According to Odaily, Adrian Cooper, CEO and Chief Economist of Oxford Economics, has predicted that the US Federal Reserve may start cutting interest rates in the second half of 2024, possibly in September. This decision will largely depend on changes in potential inflation, especially in relation to wage growth.
In recent years, labor inflation expectations have risen rapidly, surprising the Federal Reserve and many central banks. This implies that workers are not only seeking pay raises to compensate for past higher-than-expected inflation but also because they believe that inflation may remain high. Cooper believes that the Federal Reserve wants to see decisive evidence that the process of inflation slowdown will continue, not only overall inflation but also core inflation will return to the 2% level, before it is truly ready for a significant rate cut.

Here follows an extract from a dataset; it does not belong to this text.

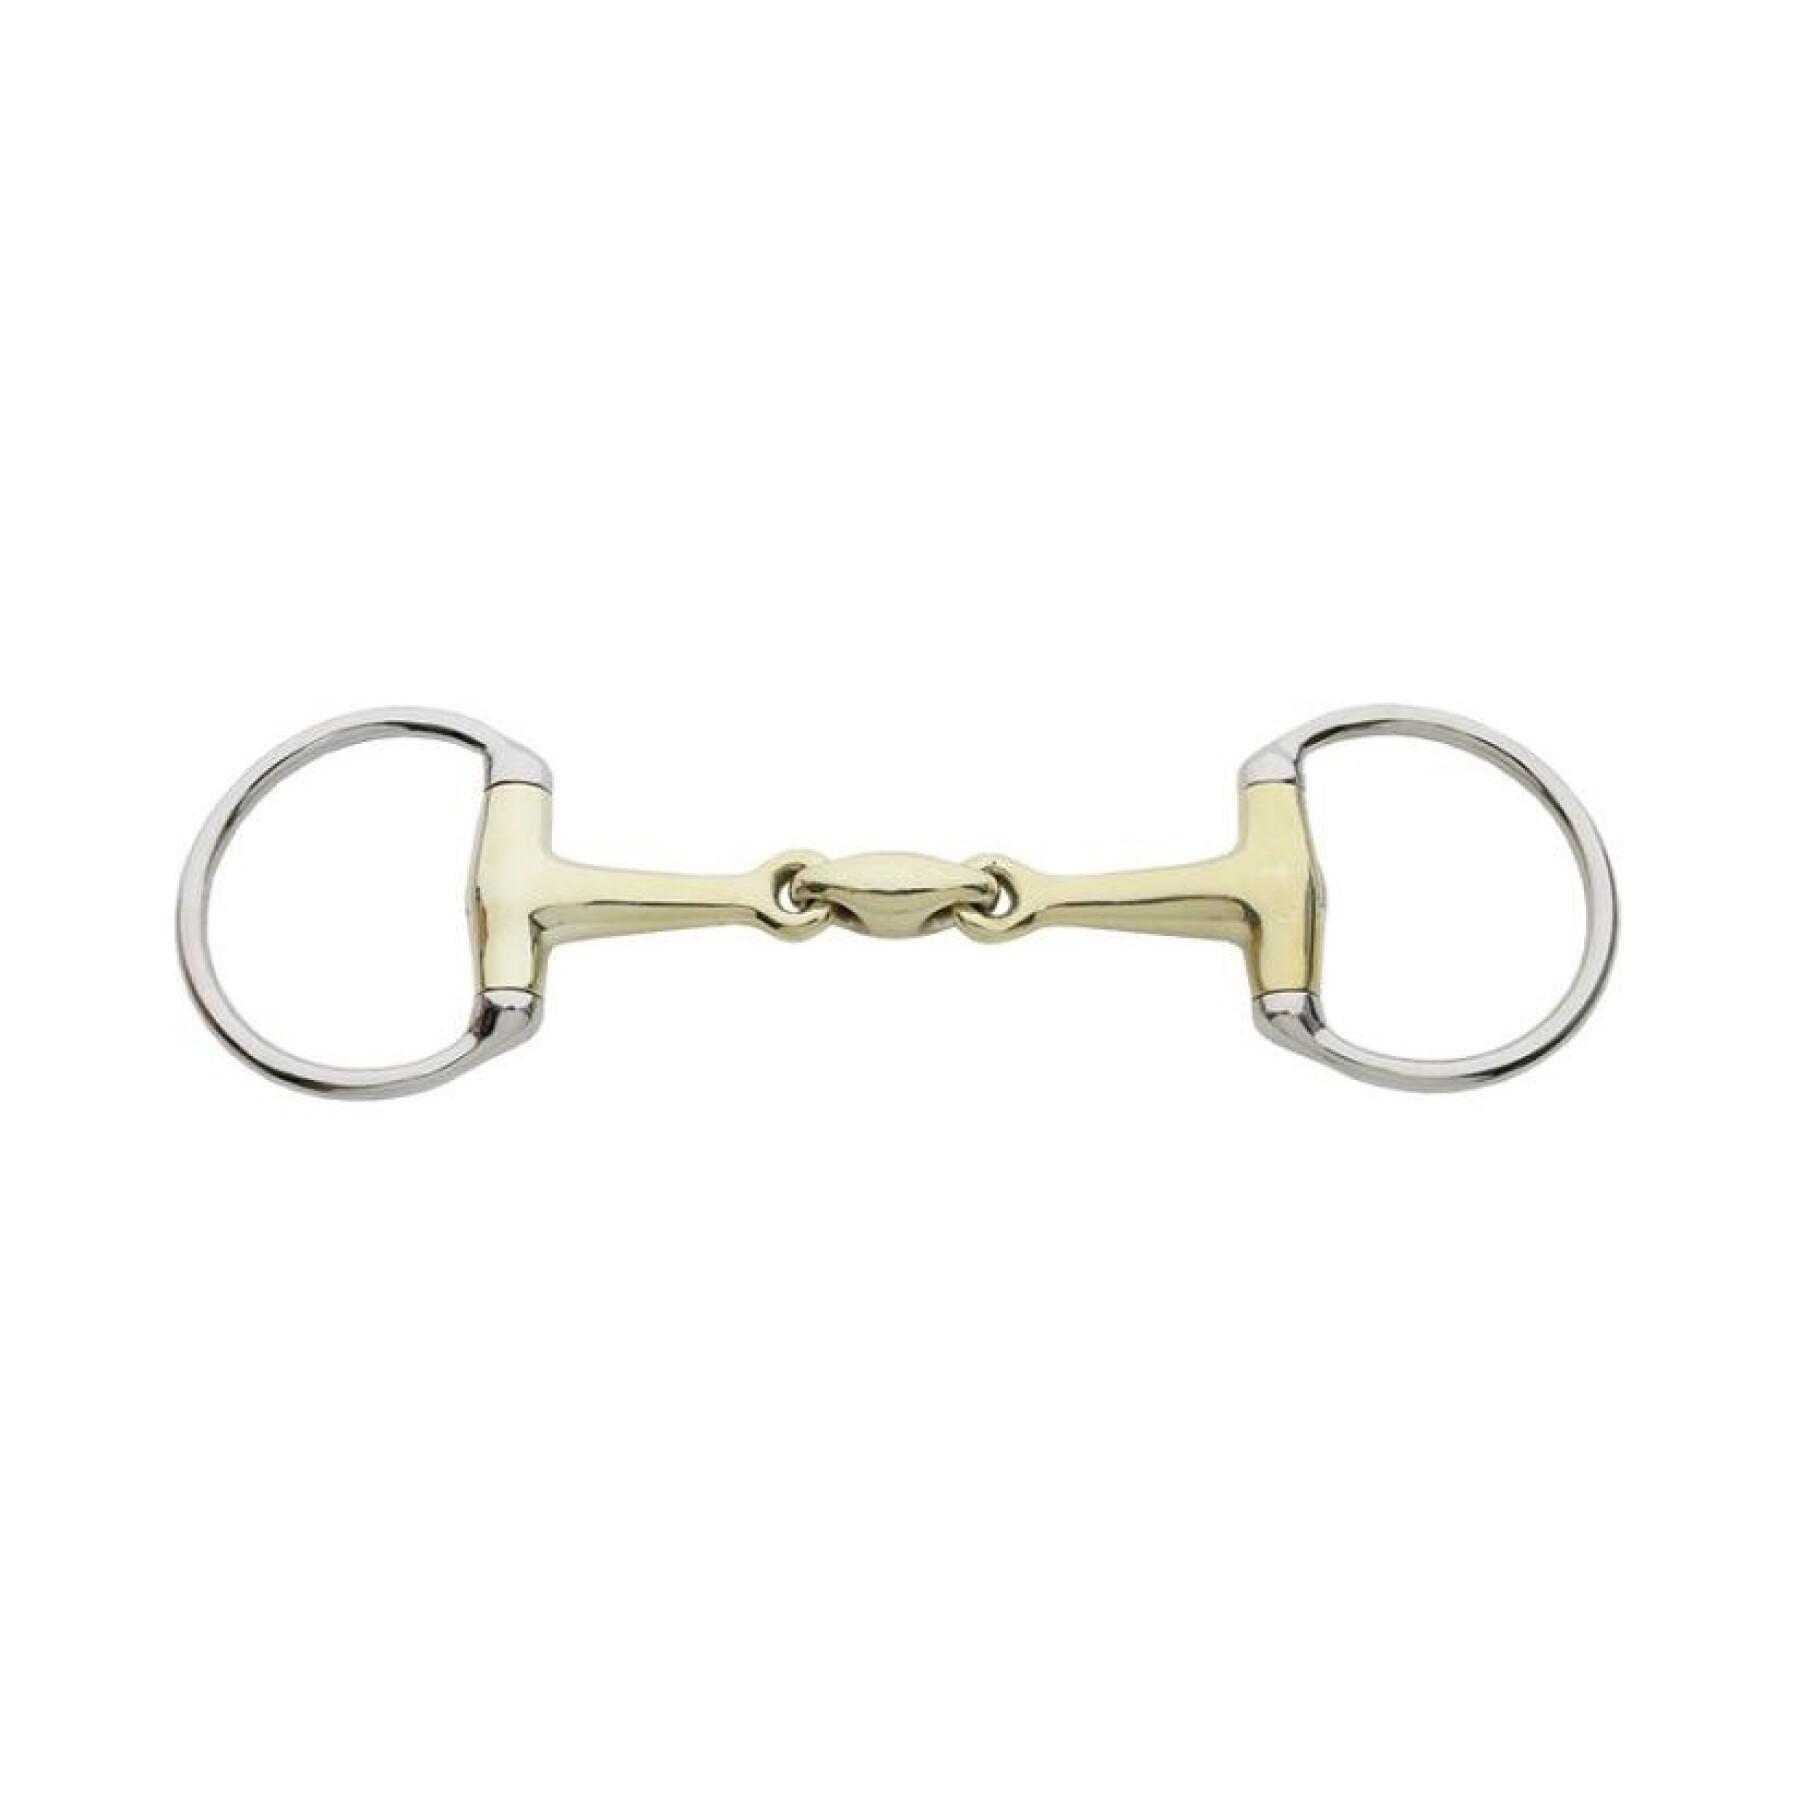 Olive bit for horse with double break Kavalkade KavalBit 12 mm

Many people believe that tight monetary policy will lead to a significant slowdown in US economic growth. However, with the rise in interest rates, the US launched major fiscal stimulus measures last year, such as the Inflation Reduction Act and the Chip Act, which largely offset the impact of US interest rate hikes.
In addition, US consumers continued to spend excess savings last year. Although this process may have ended now, Cooper believes that the US economy is still healthy and it is unlikely to see a significant adjustment in the US economy. The US seems to be achieving a soft landing. This allows the Federal Reserve to be cautious about monetary policy and take time to make a decision on interest rate cuts. The US labor market is still quite healthy, and business investment is also quite healthy, driven by various tax measures and new technologies.